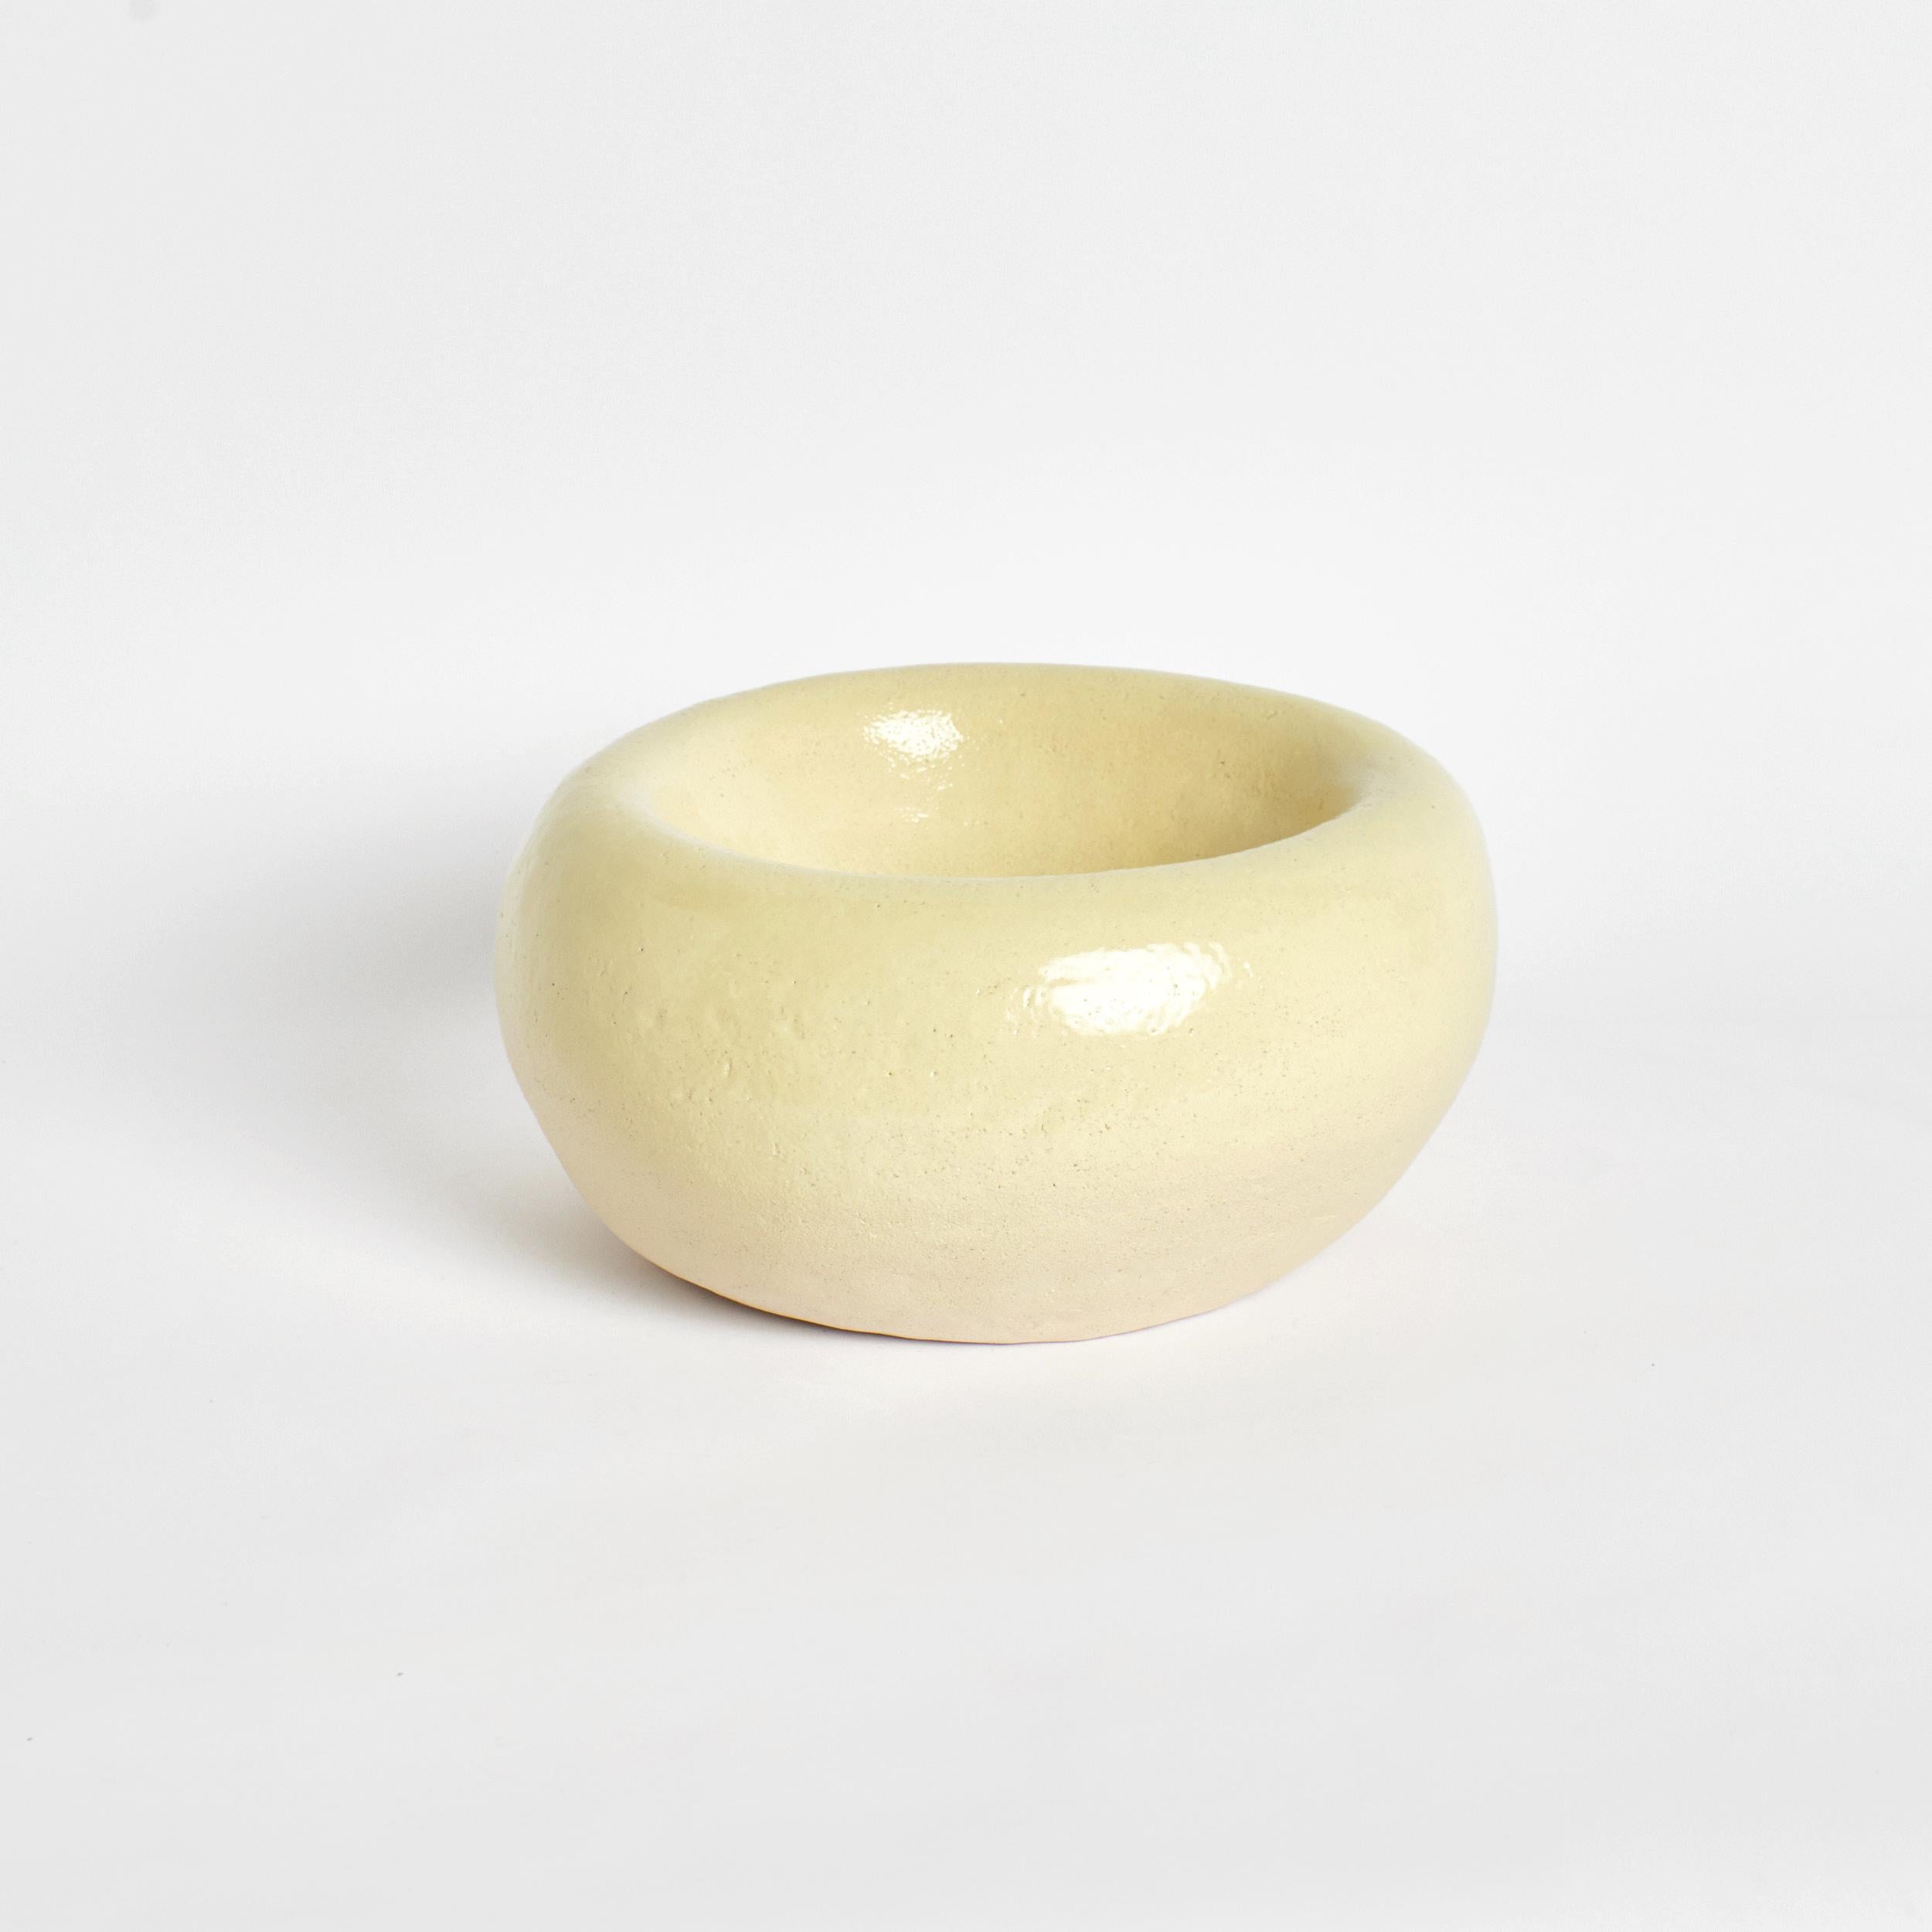 Poet bowl in yellow.
Designed by Project 213A in 2022. 

Hand-sculpted ceramic bowl with a beautiful handmade uneven shape. This extra large piece is finished with a bespoke soft yellow glaze and hallmarked with Project 213A.


Delivery
We
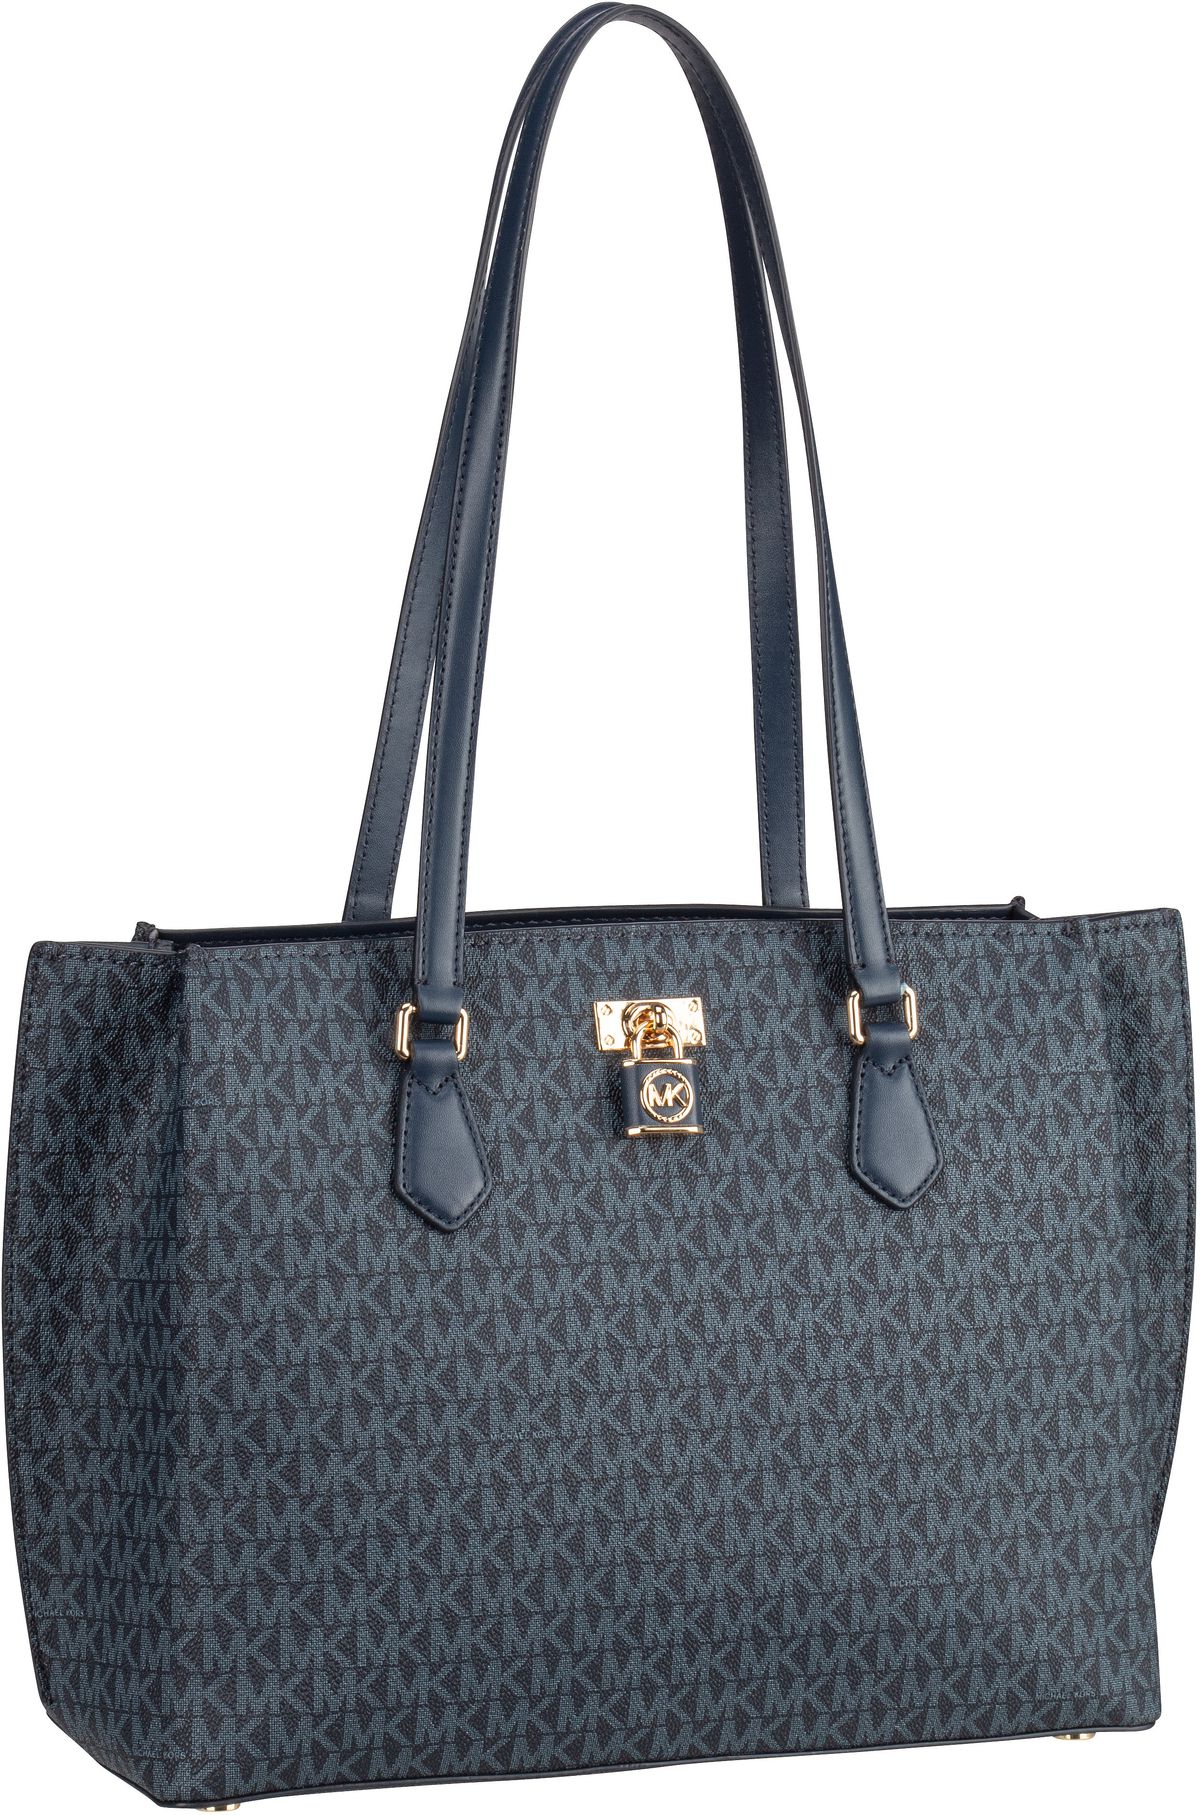 Michael Kors Ruby Large TZ Tote - Admiral/Pale Blue
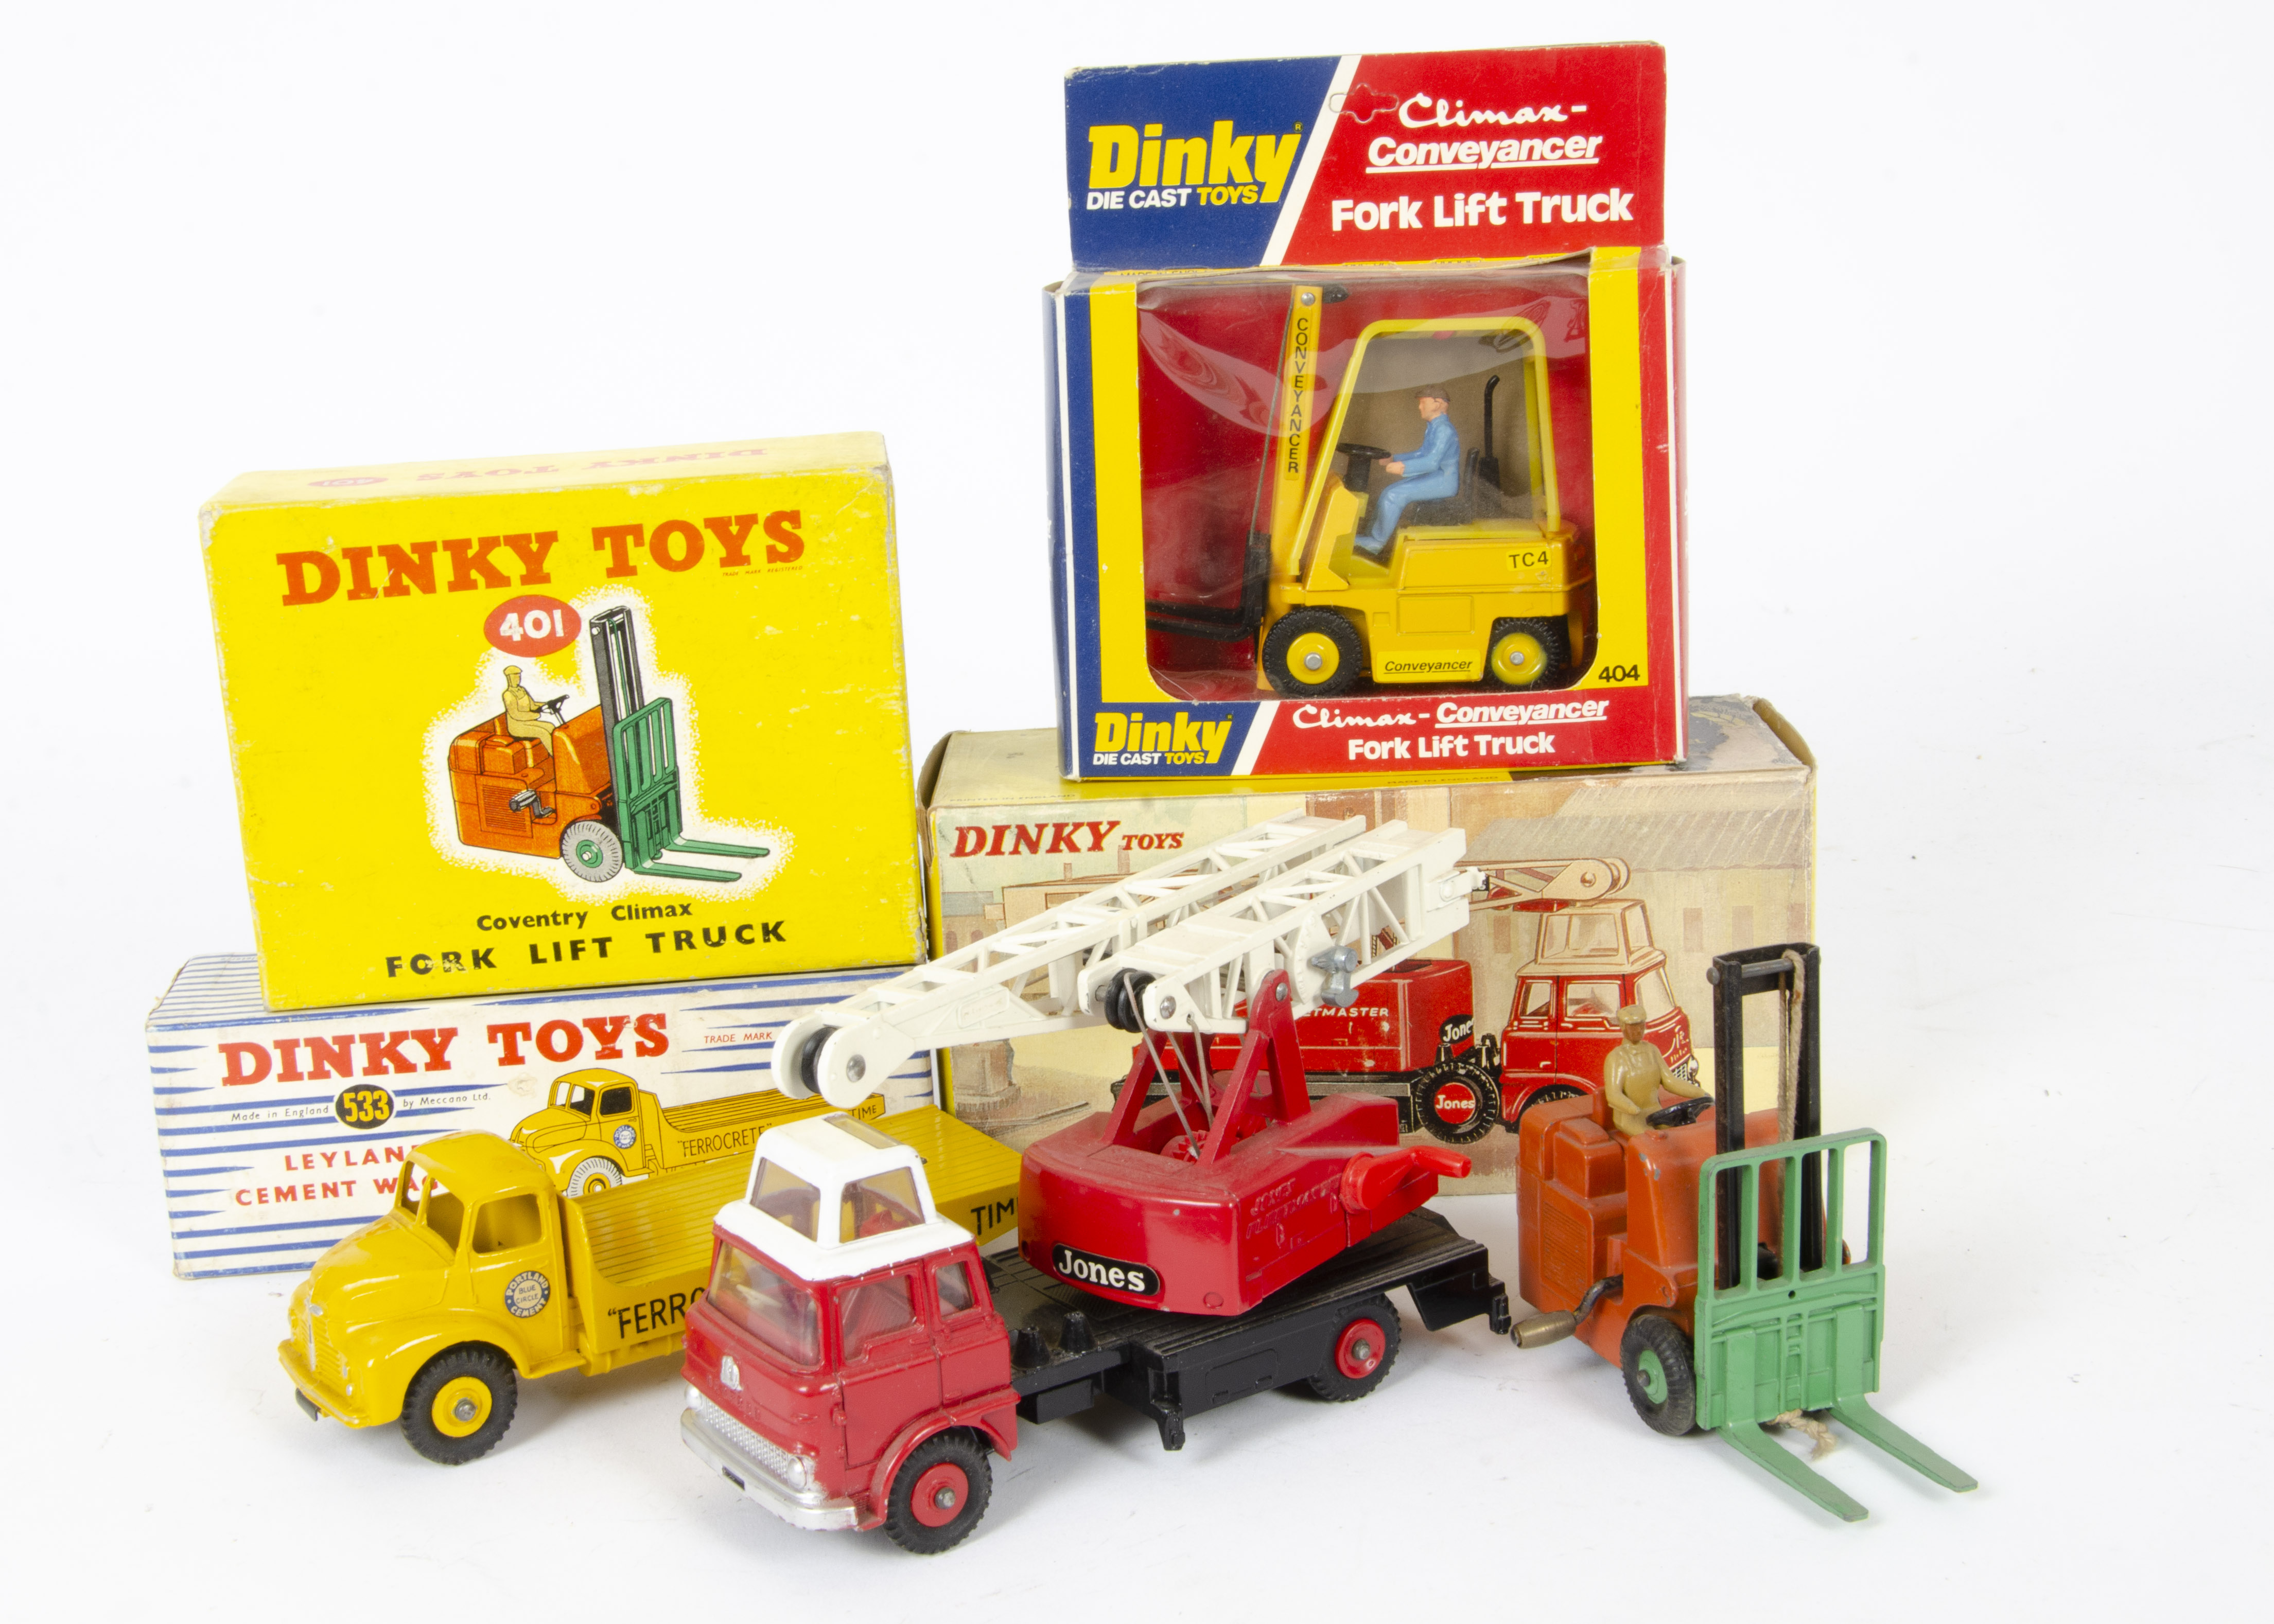 Dinky Toys 970 Jones Fleetmaster Cantilever Crane, 533 Leyland Cement Wagon, 401 and 404 Coventry

···

=== What the task asks ===
From the data above, copy each line that has the string "Project".

=== Written answer ===
Designed by Project 213A in 2022. 
Hand-sculpted ceramic bowl with a beautiful handmade uneven shape. This extra large piece is finished with a bespoke soft yellow glaze and hallmarked with Project 213A.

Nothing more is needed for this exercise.